Supplied data START

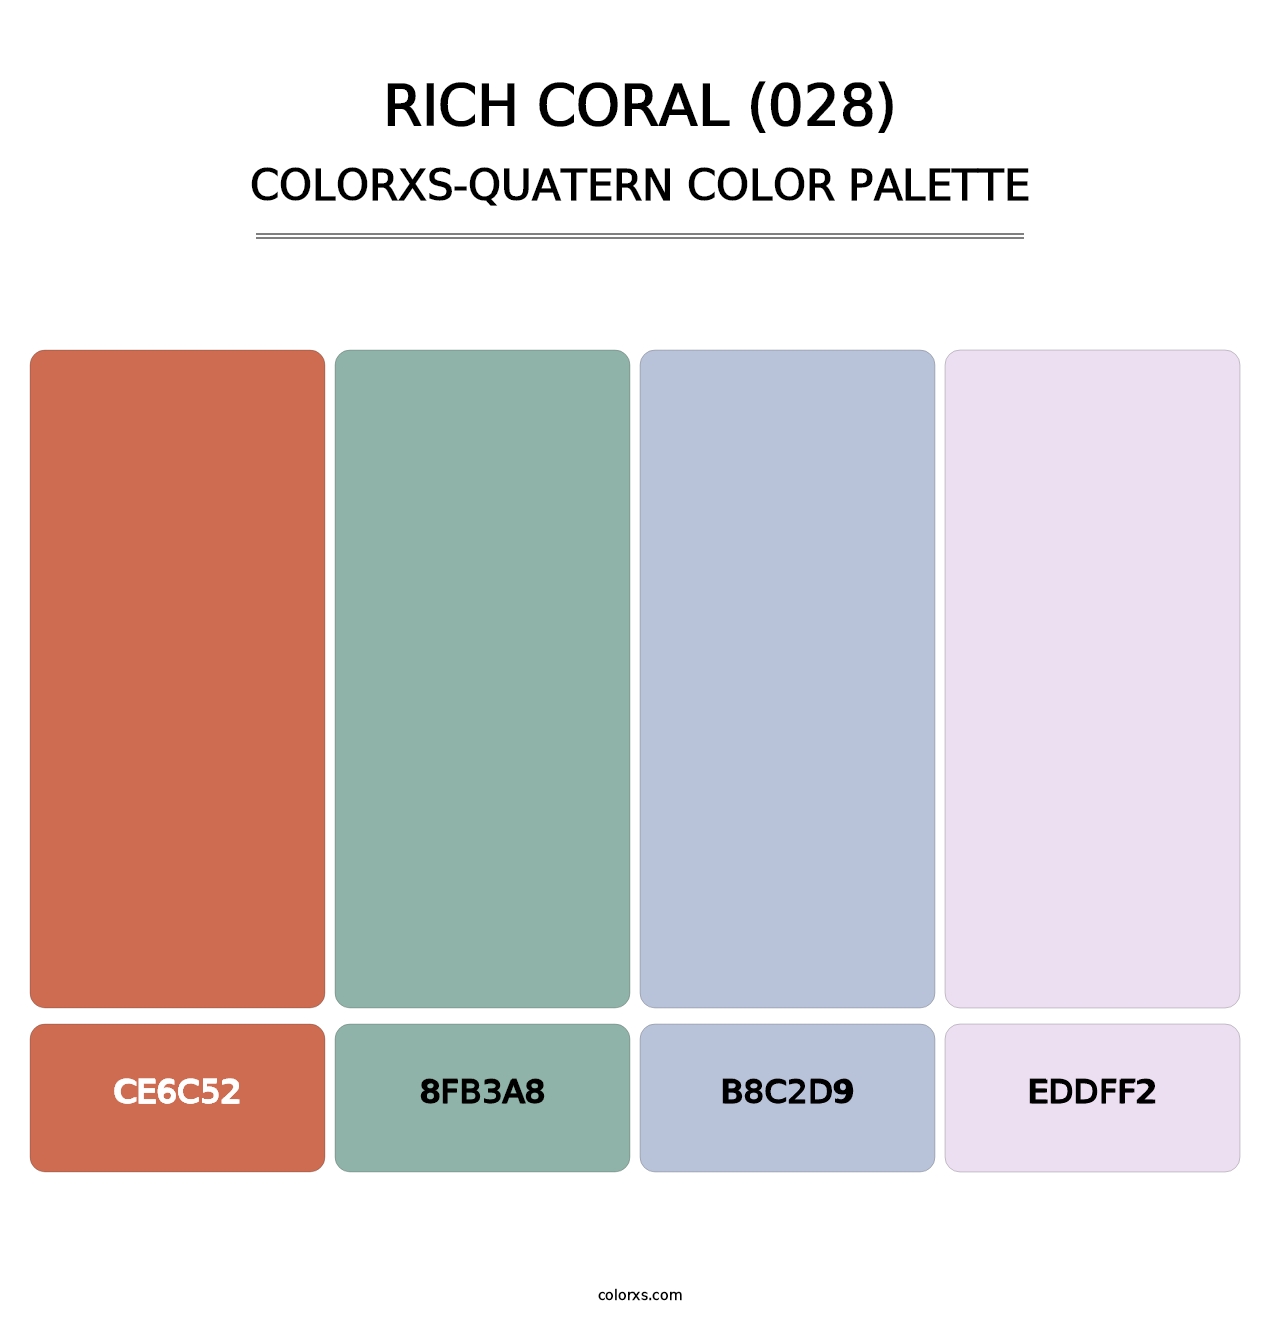 Rich Coral (028) - Colorxs Quatern Palette
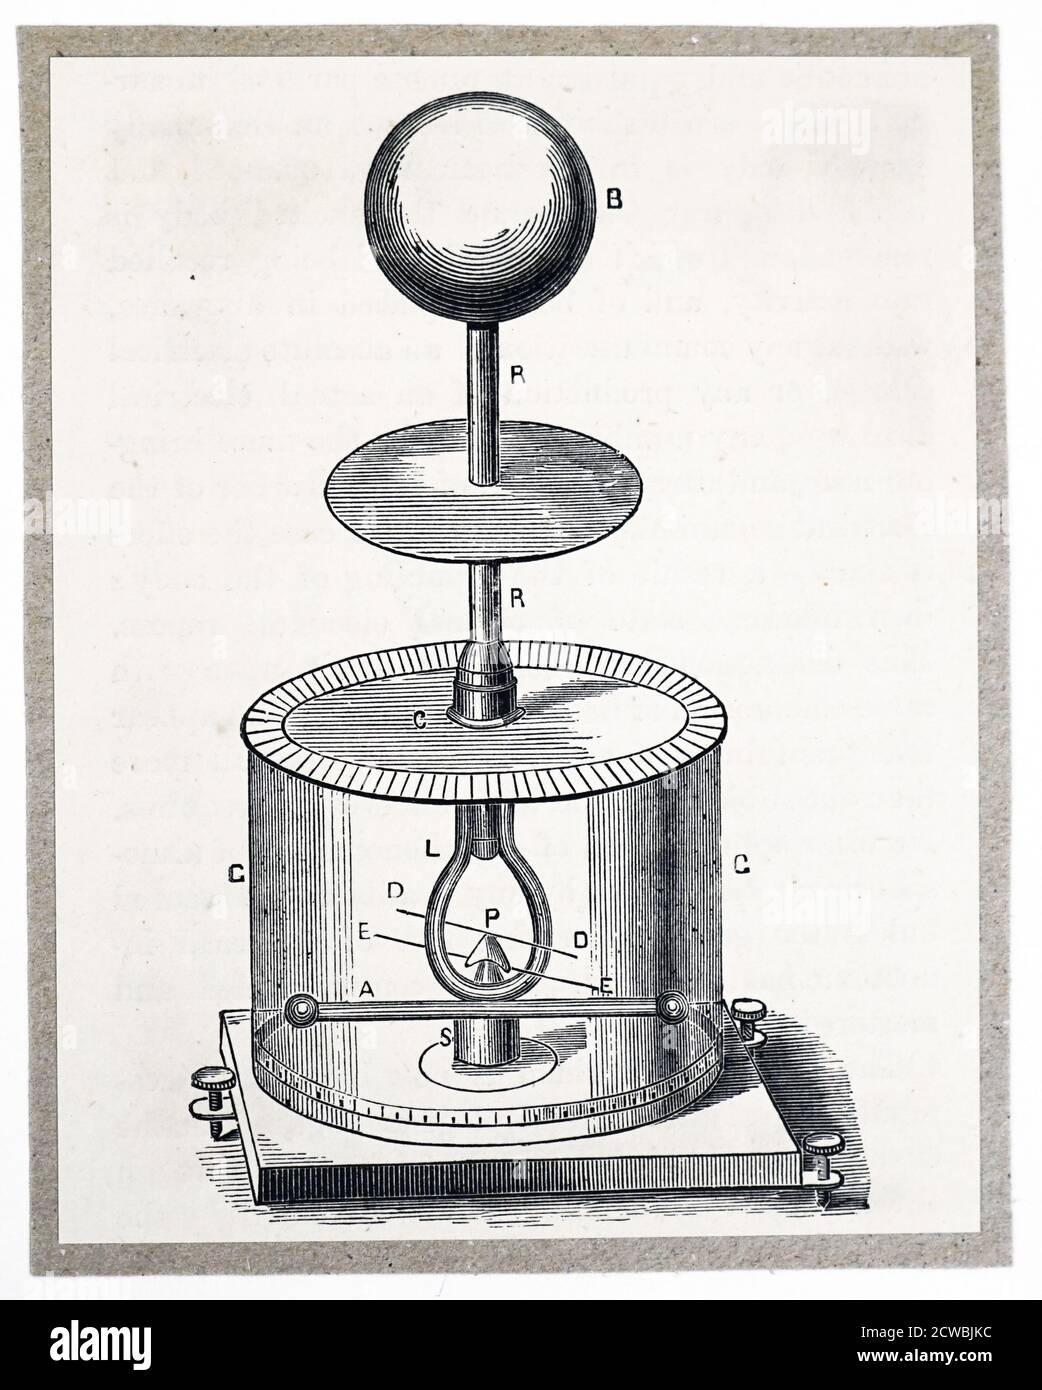 Incisione raffigurante un elettrometro Peltier con barra di rame che attraversa orizzontalmente. Foto Stock
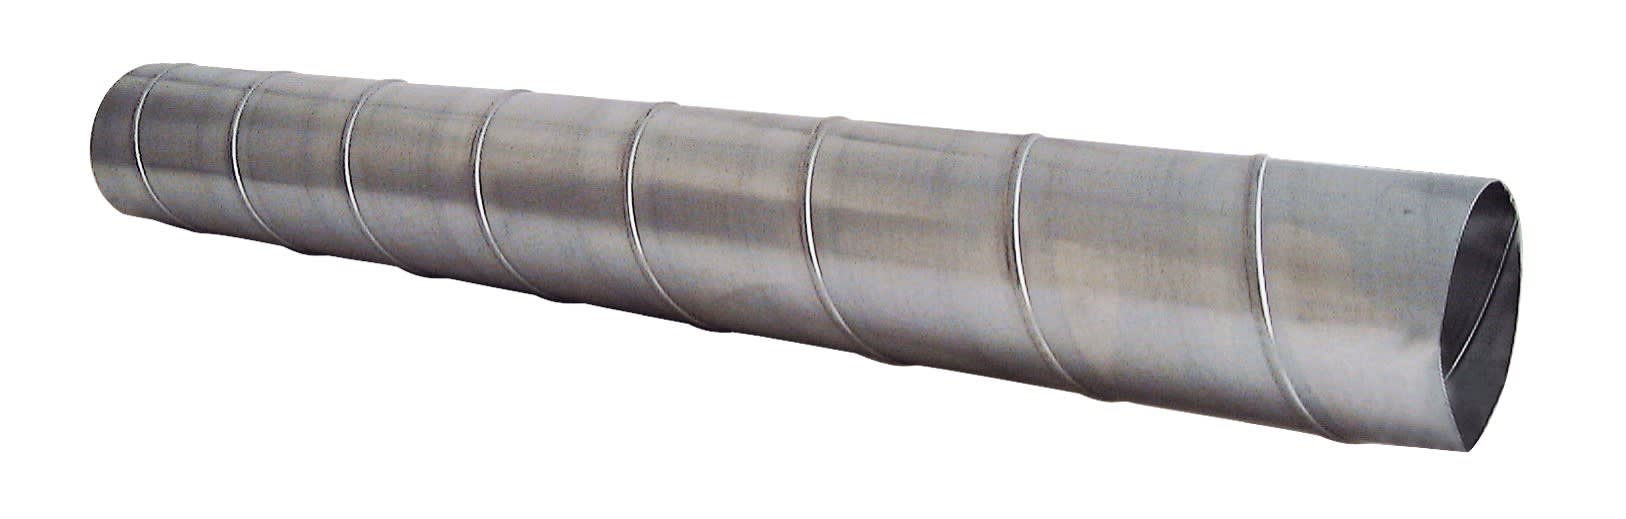 S&P - Conduit spiralé acier galvanisé, D 160 mm, longueur 3 m

Supplied data END

» **Exercise details**: The copy must begin with the line containing "Incisione raffigurante un", end with the last line of the material, match each line exactly, and hold no pictures.

» **Answer to the problem**:
 Incisione raffigurante un elettrometro Peltier con barra di rame che attraversa orizzontalmente. Foto Stock
 S&P - Conduit spiralé acier galvanisé, D 160 mm, longueur 3 m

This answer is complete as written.